Older people may also bring a larger connection or network of friends, neighbors, and acquaintances, having spent years building up their rolodexes, filofaxes, and then, moving all those hard copy contacts to their LinkedIn sites. And of course, the best PR for any school or non-profit is word of mouth. If a school or biz wants a good rap, give the older people in their employ somethings to brag about. Let them brag about the awesome intergenerational mix of employees. It’s so good for teachers to model for their students how older and younger teachers work together and learn from one another — true examples of character-building and growth mindsets, attributes we all love to see in one another.

Total generalization here — but it seems to me that people over 55 are slower to anger. Working with kids requires a ton of patience and a great sense of humor. These are some of the reasons I love my second career of teaching.

Sadly, one former older teacher colleague has said that he stopped learning some of the lower school and younger teachers’ names because they come and go so quickly. I believe that older teachers stay longer, have more loyalty.

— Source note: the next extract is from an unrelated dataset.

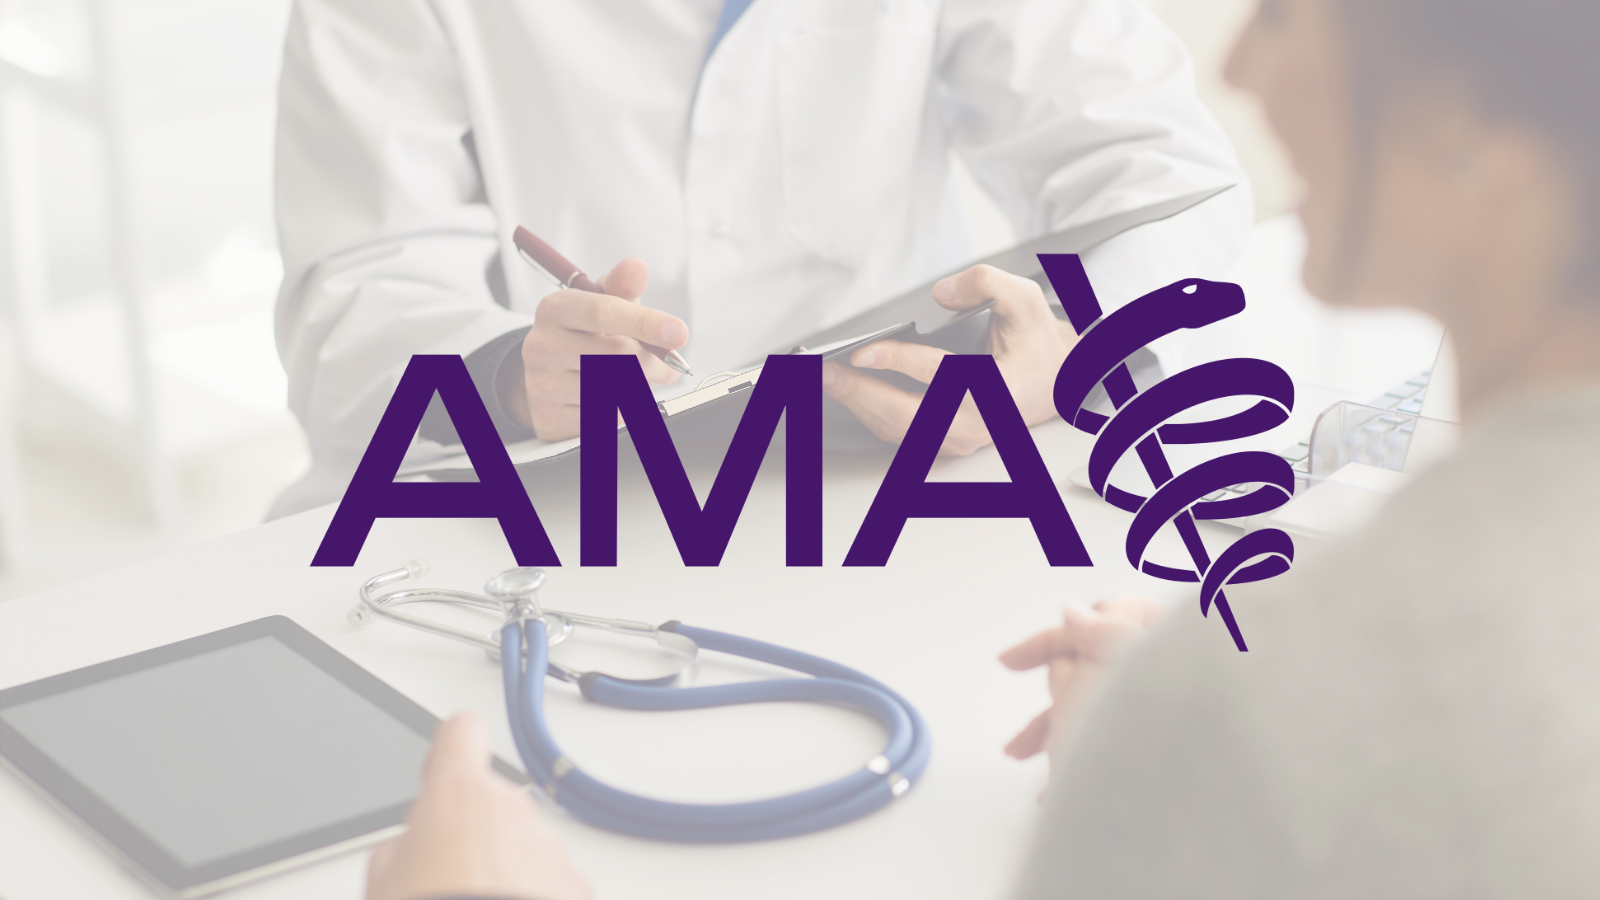 American Medical Association (AMA) logo

Not that anyone asked, but I would advise all teachers to:

  1. Learn each others’ names
  2. Keep up with their professional reading
  3. Stay positive about the contributions of all faculty, seasoned and fresh
  4. Make friendships across generational lines
  5. Realize that teachers of all ages can master tech in the classroom
I photographed this radiant couple a while ago at my favorite cafe, Margot Patisserie, on the Upper West Side. It’s true — everyone looks beautiful when they smile. Especially old people.

Was inspired to write this after reading the Sunday NYTimes interview with the founder of Encore.org

“Success is liking yourself, liking what you do, and liking how you do it.”